What’s most enthralling about these gentlemen and their music is their inherent complexity and diversity. With musical influences ranging from Prince and Three 6 Mafia to Bob Dylan and J.S. Bach, it’s not surprising that they somehow seem both contemporary and classical; whimsical and pensive. The album is a merit to their talents for dark storytelling, but the accompanying mix-tape provides a healthy reminder to listeners that these intellectuals have a sense of humor. Murphy states, “it mixes folk music, shaggy dog stories, and the structure of hip-hop mix-tapes to create one big goofy mess.” This mix-tape, entitled The Earth Rejects Creation, Vol. 1, is available for free from their website.
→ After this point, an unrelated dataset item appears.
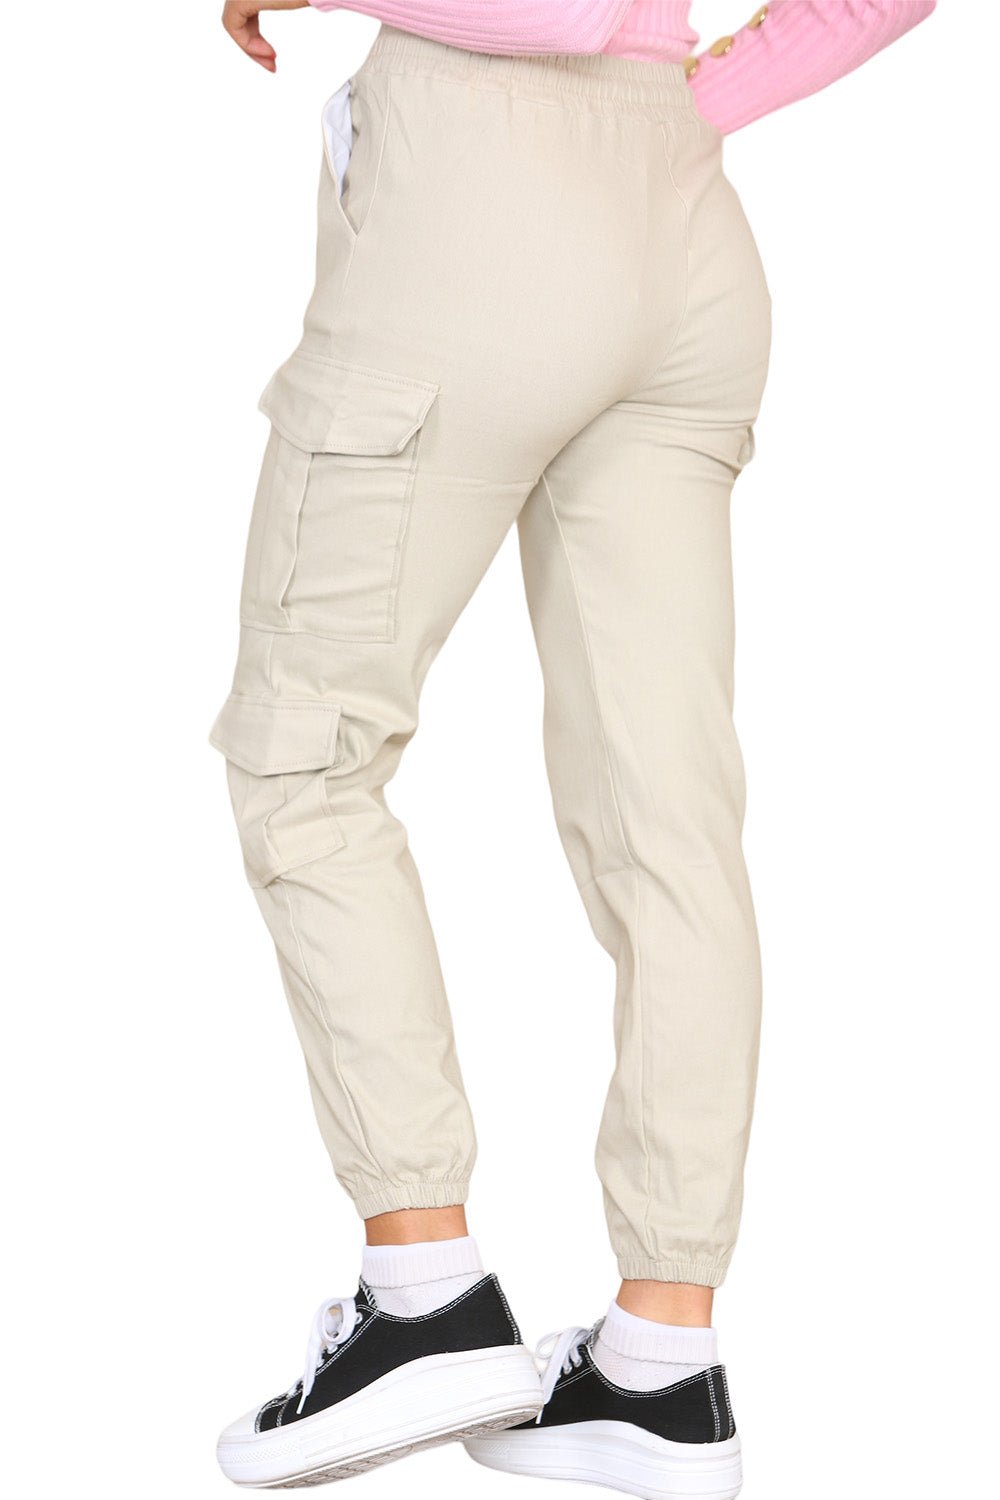 Cargo Pockets Pants Women High Waist Cropped Slim Fit Trouser - Multi Trends

This polarity applies to live shows as well. A live set can move unfaltering anywhere from the macabre to the lovelorn. “Caroline,” a rhythmic tale of cannibalism, may be paired with the sweet escapist ballad “Relent.” At any given point they are likely to break out “Roll With It” – their cover of a Three 6 Mafia song. Even visually, Wasted Wine creates something dichotomous. Murphy sits nonchalantly and slightly pigeon-toed, strumming delicately, and looking out to directly engage his audience. Conversely, Gowan leans forward, sings brashly, and shuts his eyes in confident introspection.
Wasted Wine is looking to evolve their live performances as much as their music. In time, this forward thinking pair hopes to continue including other media and performers, including belly-dancing troupes and actors. The pair currently employs guest musicians and accompanying vocalists to add to their live shows and recently performed their music along with animated work by visual artist Axel Forrester. The duo has grown from playing in their apartment to, as Gowan describes them, “an award-winning, radio-played, self-sufficient machine of unique sounds and baffling lyrics.”

Wasted Wine will leave you with the impression of old souls that view the world in sepia tones – before you realize that you’re waving to the taillights of a car blaring Lil Wayne

Wasted Wine will be performing at Café Strudel on September 19.